Today the ferries are mostly quiet, except for the laughter of children, the click of camera shutters and the thrum of the large engines. The day of the Sept. 11 terrorist attacks was the beginning of the end of buskers on the ferries, and recent attempts to bring the musicians back have been stymied by new security rules instituted since that day.

Most musicians stopped playing on the ferries after the terrorist attacks when new rules required everyone to leave the boats and take all their belongings with them each time the ferry stopped at a port, or about once every 35 minutes on average.

Musician Tania Opland started playing on weekend ferry runs between Seattle and Bainbridge Island in the mid-1980s, while taking a break from college. She remembers that being a simpler time, before laptop computers and smartphones, when people had nothing better to do on the ferry than enjoy the view.
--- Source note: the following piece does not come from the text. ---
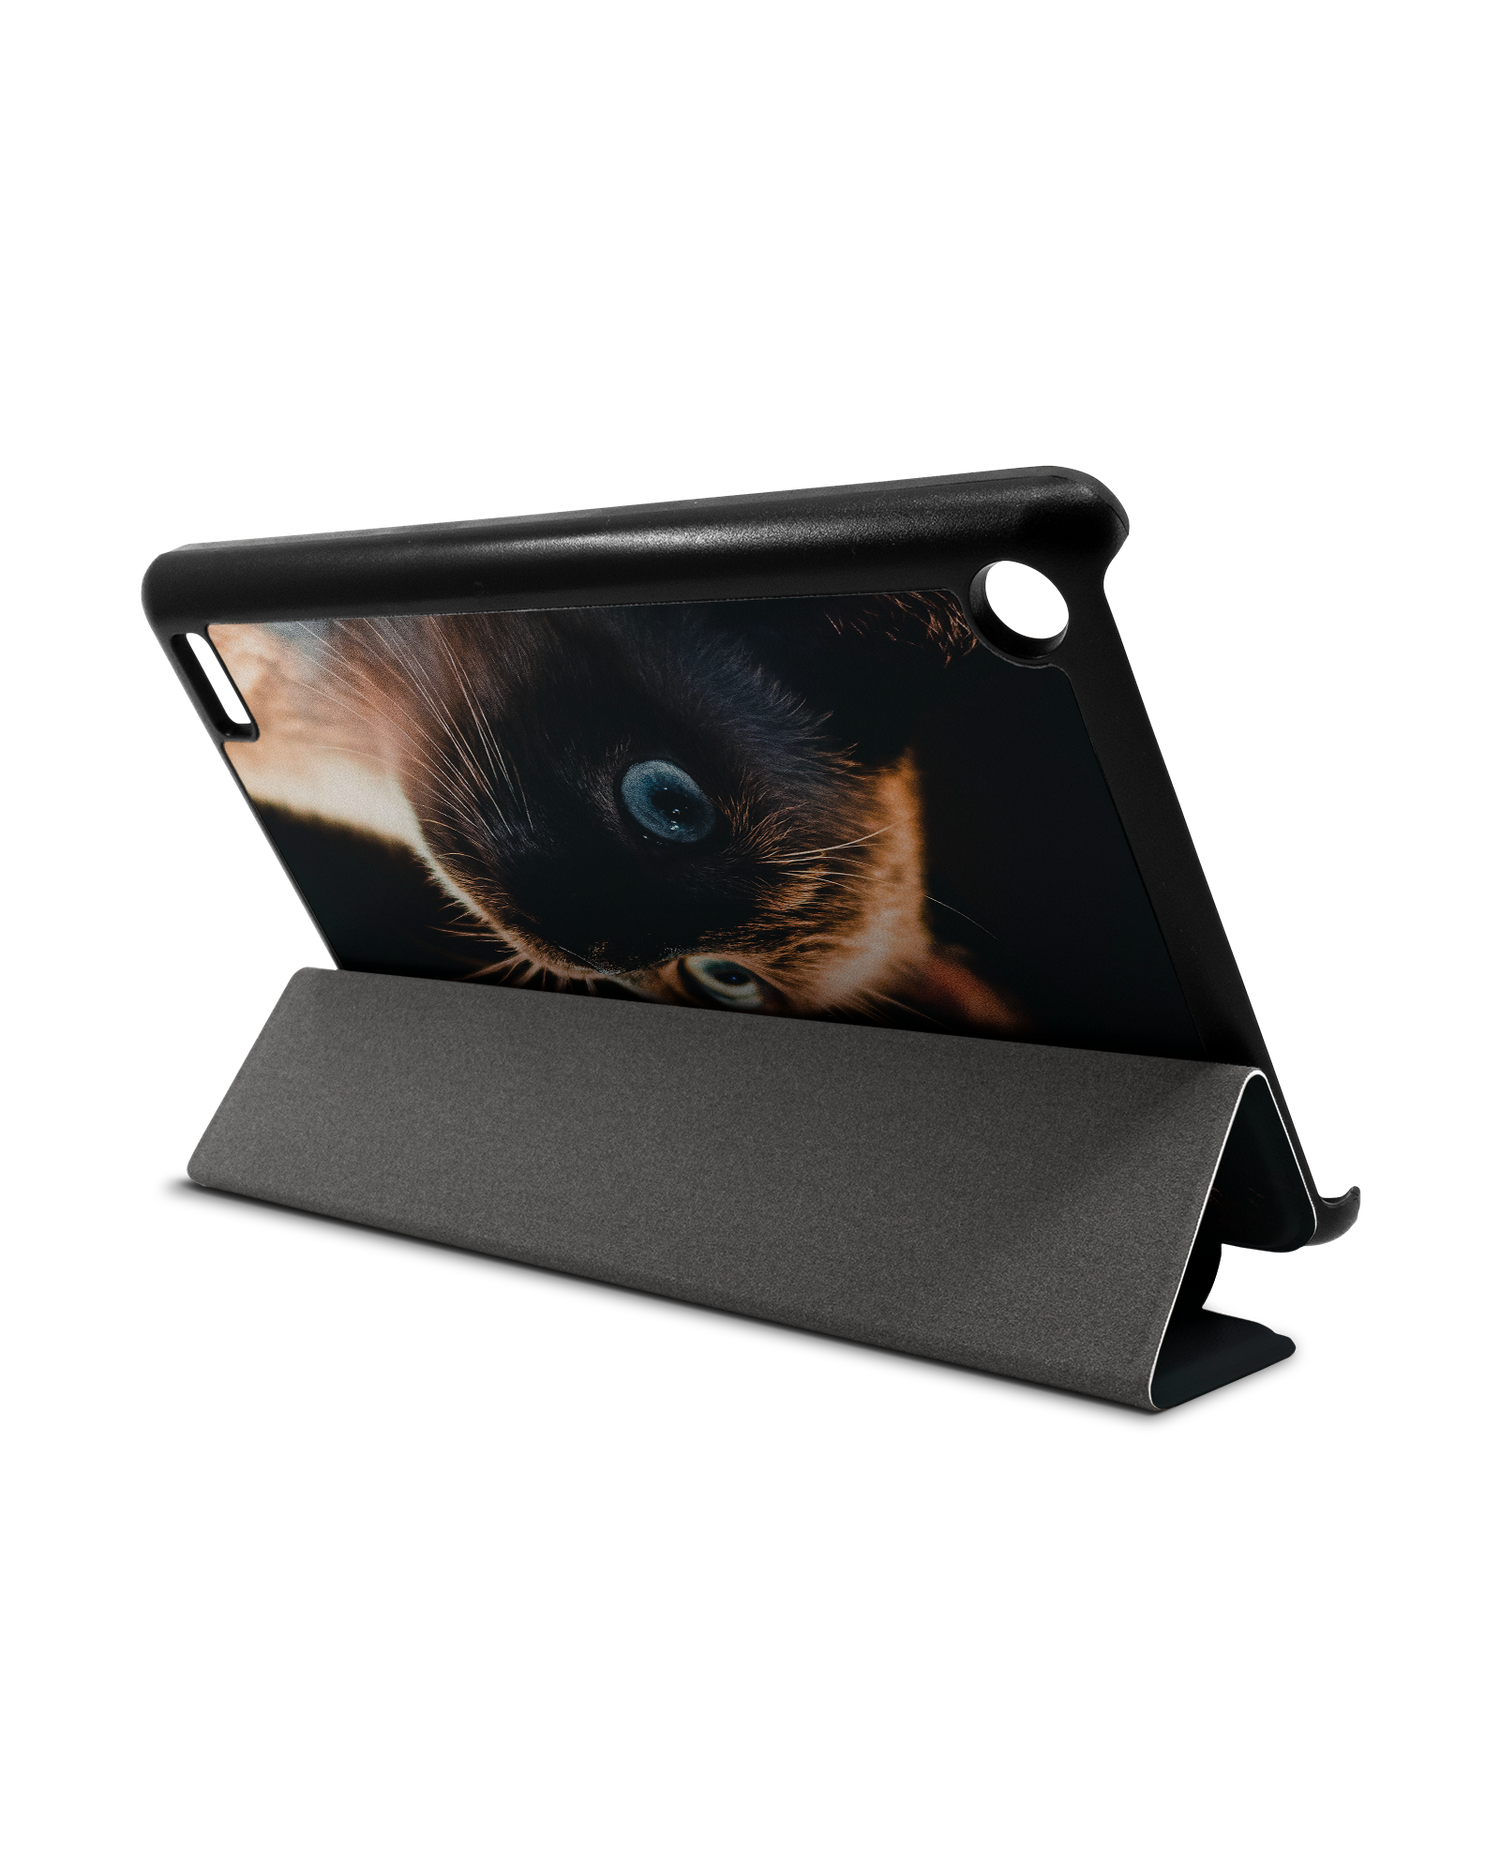 Siamese Cat Tablet Smart Case für Amazon Fire 7: Aufgestellt im Querformat
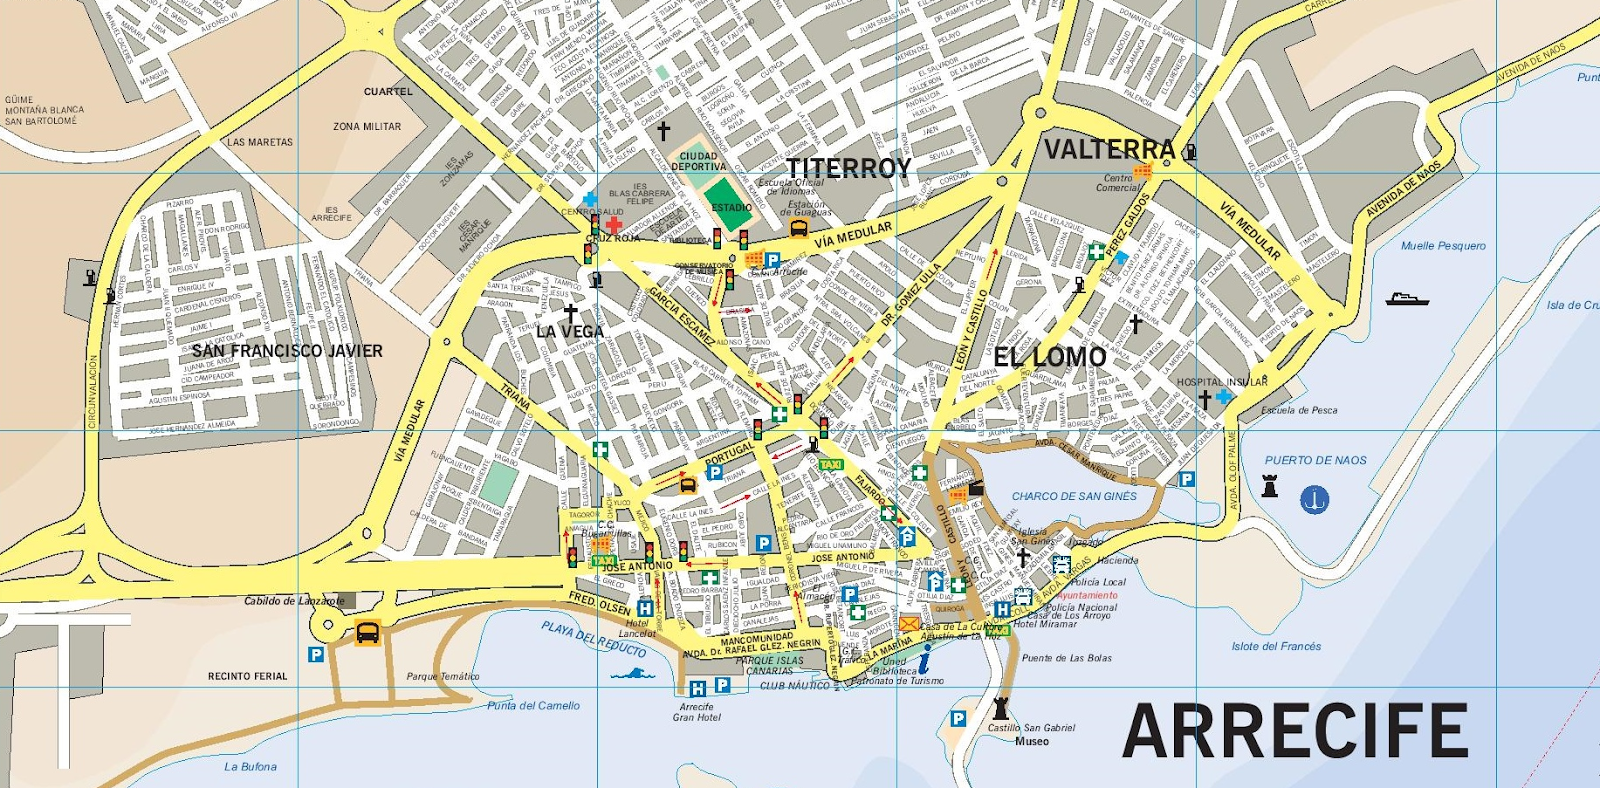 arrecife tourist map

“The music was a real nice diversion that filled up that empty half an hour,” said Opland, who has homes on Bainbridge Island and in Ireland, where her husband was born.

Now the multi-instrumentalist, who performs folk music around the world but never on the ferries, says everyone brings all their “busyness” with them.

That was evident on a recent sunny afternoon, when at least a third of the people had their eyes glued to a cellphone or computer screen instead of the view.

Years ago, Opland said, music on the ferries was an essential part of the Seattle experience. Some people even checked with her before bringing their out-of-town visitors on a ferry ride to make sure they got on a boat with music, she said.